The reason why "character index" is tricky to use is because "character" is difficult to define. A common but typically incorrect way of approaching this is to store your string as a series of 32 bit integers, each representing a codepoint, and calling each codepoint a character. But multiple codepoints can join to together to form a grapheme, which a human might see as a single character.
If you know what you're doing here with respect to Unicode, then feel free to ignore me! But if this sounds interesting to you, I'd be happy to elaborate further. :-) In short, if you do insist on character indices, you will definitely need to do that conversion yourself.
@simark Ah interesting! Generally getting the offset in terms of characters in "the wrong thing," so I'm not sure I'd think that other folks would want it. Moreover, the output isn't actually guaranteed to be UTF-8, and in that case, it's pretty difficult to determine what exactly is a character. Certainly, ripgrep never ever never deals in character offsets. It's always byte offsets.
The reason why "character index" is tricky to use is because "character" is difficult to define. A common but typically incorrect way of approaching this is to store your string as a series of 32 bit integers, each representing a codepoint, and calling each codepoint a character. But multiple codepoints can join to together to form a grapheme, which a human might see as a single character.
If you know what you're doing here with respect to Unicode, then feel free to ignore me! But if this sounds interesting to you, I'd be happy to elaborate further. :-) In short, if you do insist on character indices, you will definitely need to do that conversion yourself.
You are right, text encoding is complex and what I am trying to do here is most likely not accurate in all scenarios. I am only considering UTF-8 for now (where the arbitrary data object has the text
field), to keep things simpler for now.
When parsing the UTF-8 string in the text
field of the arbitrary data object, node's JSON parser reads the UTF-8 encoded string in a Javascript string object. I am looking for which character in that string corresponds to the byte offset output by rg. Not sure how to do that...
@simark Yeah unfortunately I've not used Javascript for a while, so I'm not familiar with best practices there, but I'd probably start with a UTF-8 library? https://www.npmjs.com/package/utf8
The problem is that once you do JSON.parse(message_from_ripgrep)
, the strings are already converted from UTF-8 to a Javascript string. I don't think we have access to the original bytes that ripgrep byte offsets refer to. And I suppose that if I encode back the Javascript string to UTF-8, I may not get the same as the original?

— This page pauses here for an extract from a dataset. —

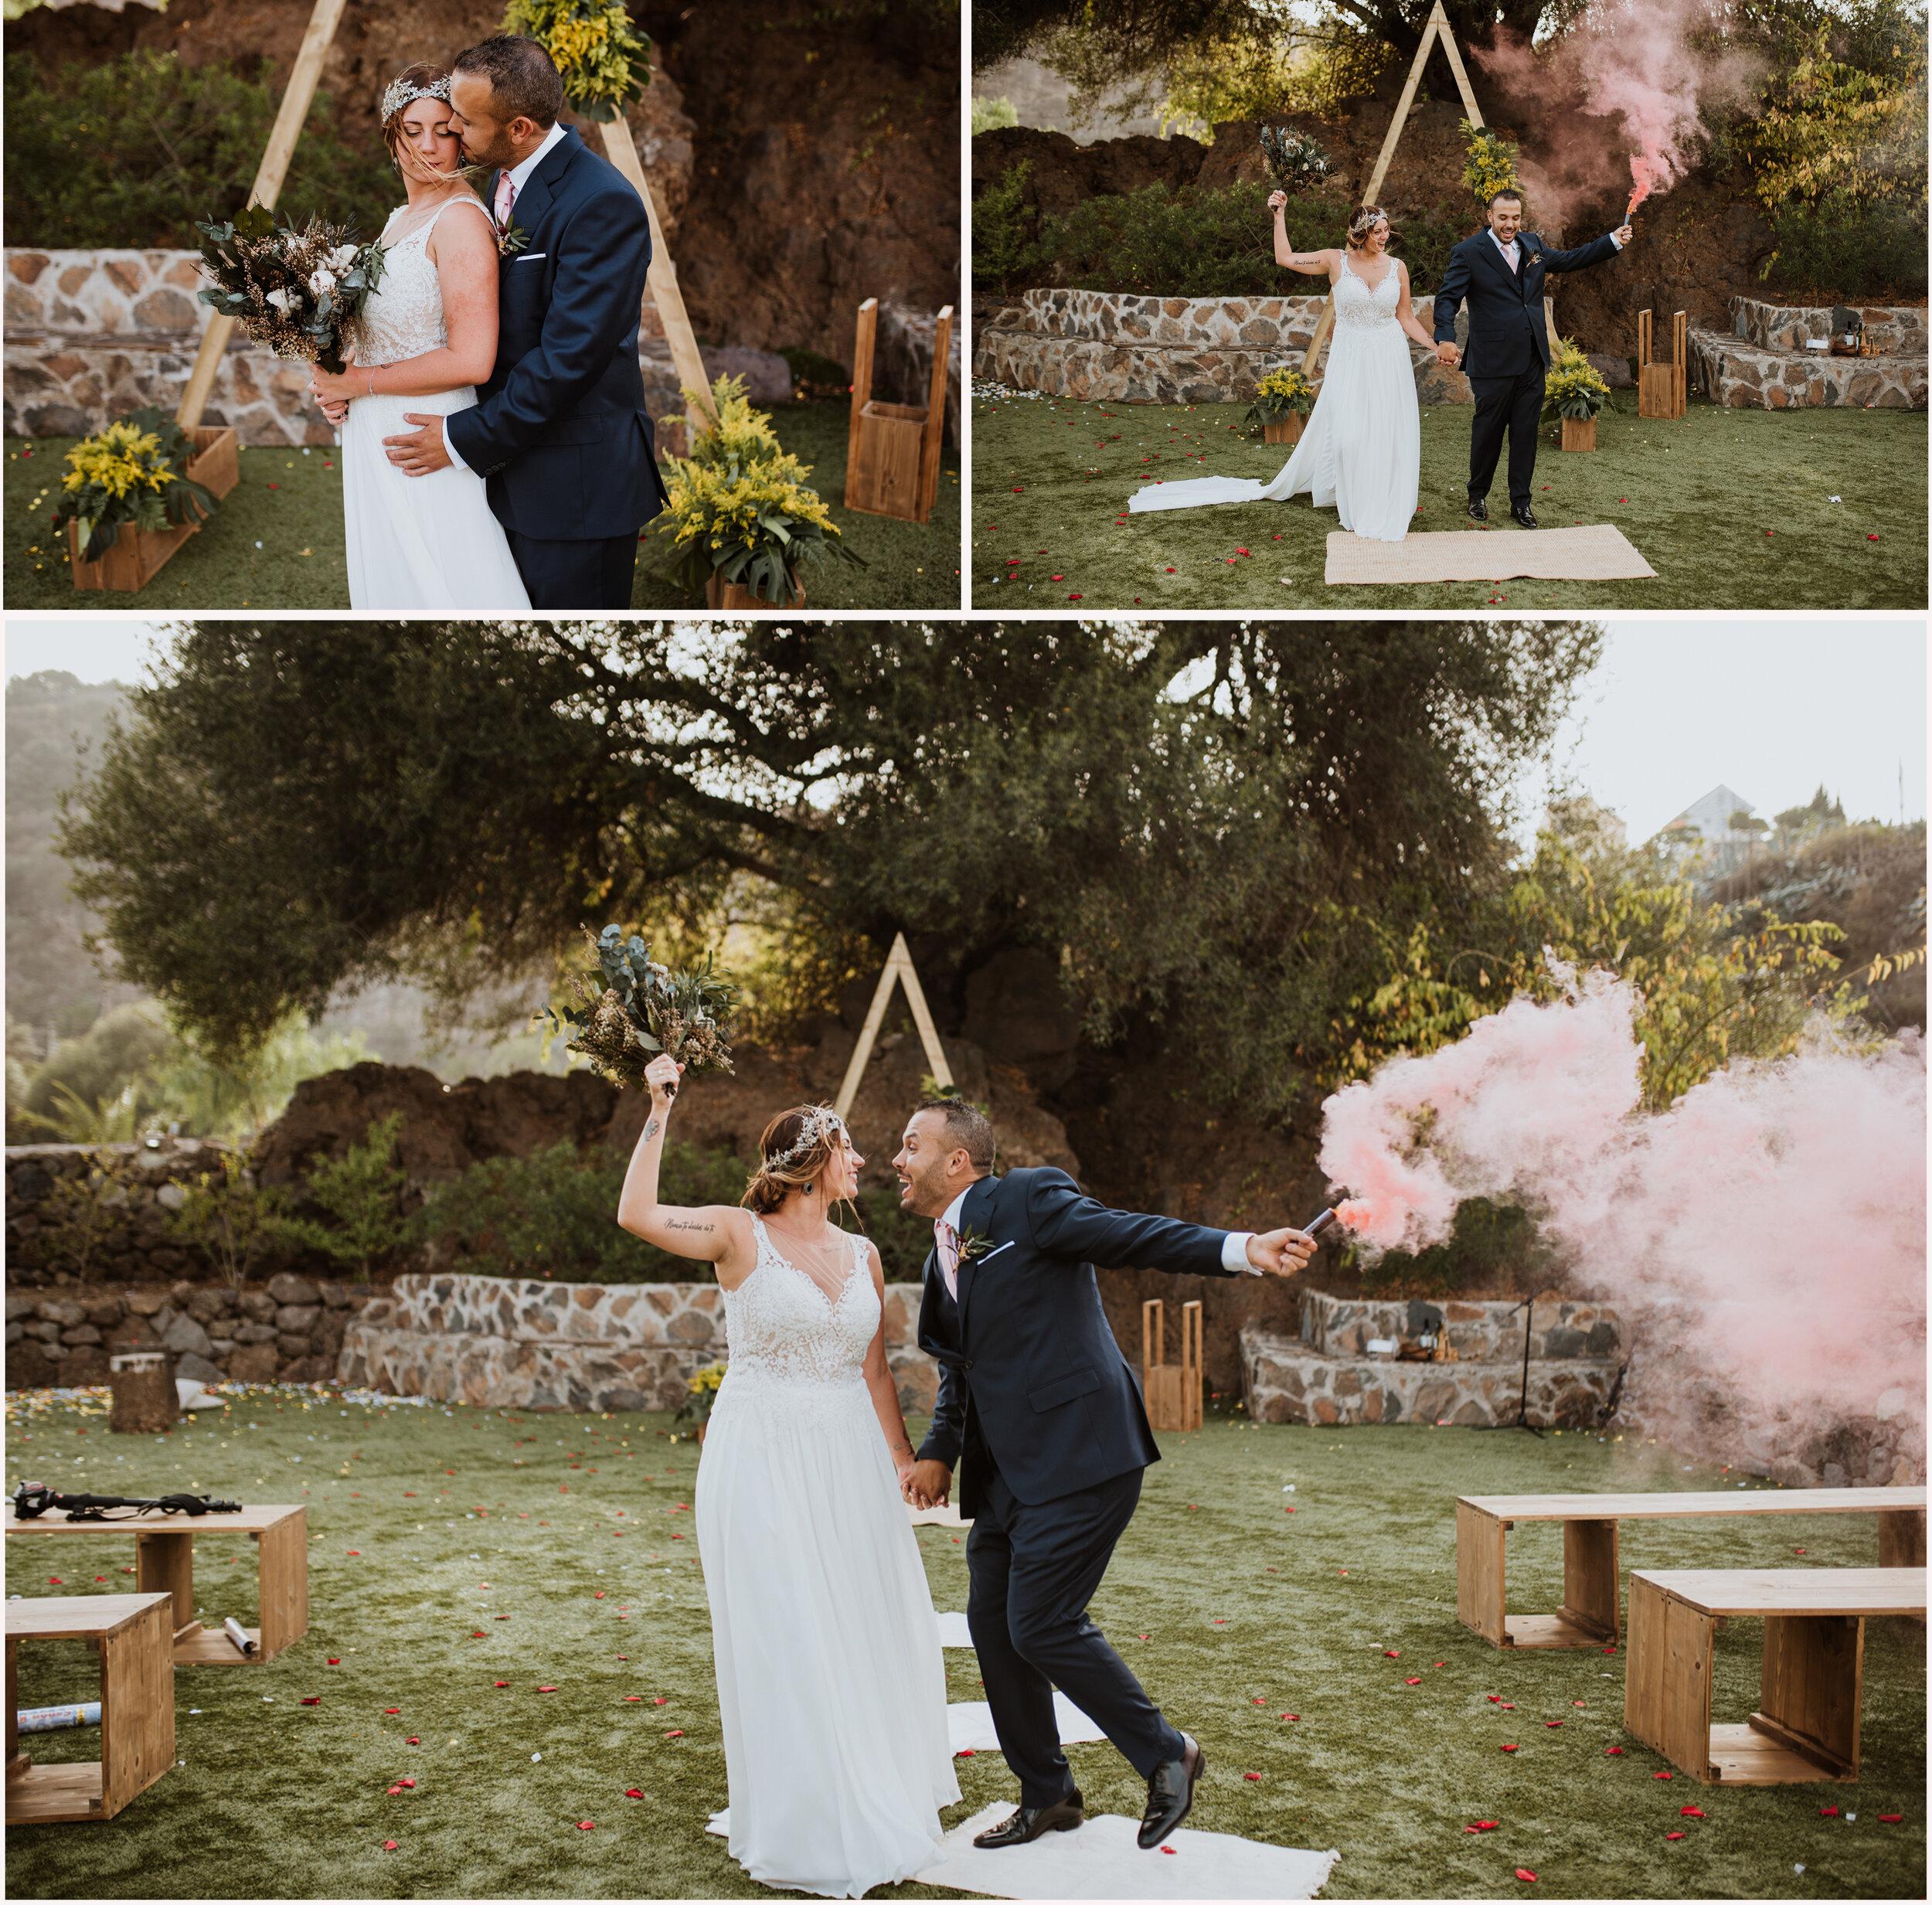 fotografo de bodas las palmas_-98.jpg

You should get back the original, yes. If you're only dealing with text
, then it is guaranteed to be valid UTF-8, which means the transformation to UTF-16 (which is what I assume Javascript is using) and back to UTF-8 should be non-lossy. Because of that property, it seems like you could technically avoid the extra UTF-8 encode step and just count bytes by traversing the characters in your string, assuming you can get codepoints:
byte_offset := 0
char_offset := 0
for codepoint in javascriptString
// invariant: byte_offset is where codepoint begins in the original string
if codepoint <= 0x7F
byte_offset += 1
else if codepoint <= 0x07FF
byte_offset += 2
else if codepoint <= 0xFFFF
byte_offset += 3
else if codepoint <= 0x10FFFF
byte_offset += 4
else
throw Exception("unreachable")
char_offset += 1
I think that code should be enough to then establish a mapping of some sort or otherwise do your conversion. IIRC, there will be one tricky part of the above: you'll need to make sure Javascript hands you complete codepoints and not surrogates.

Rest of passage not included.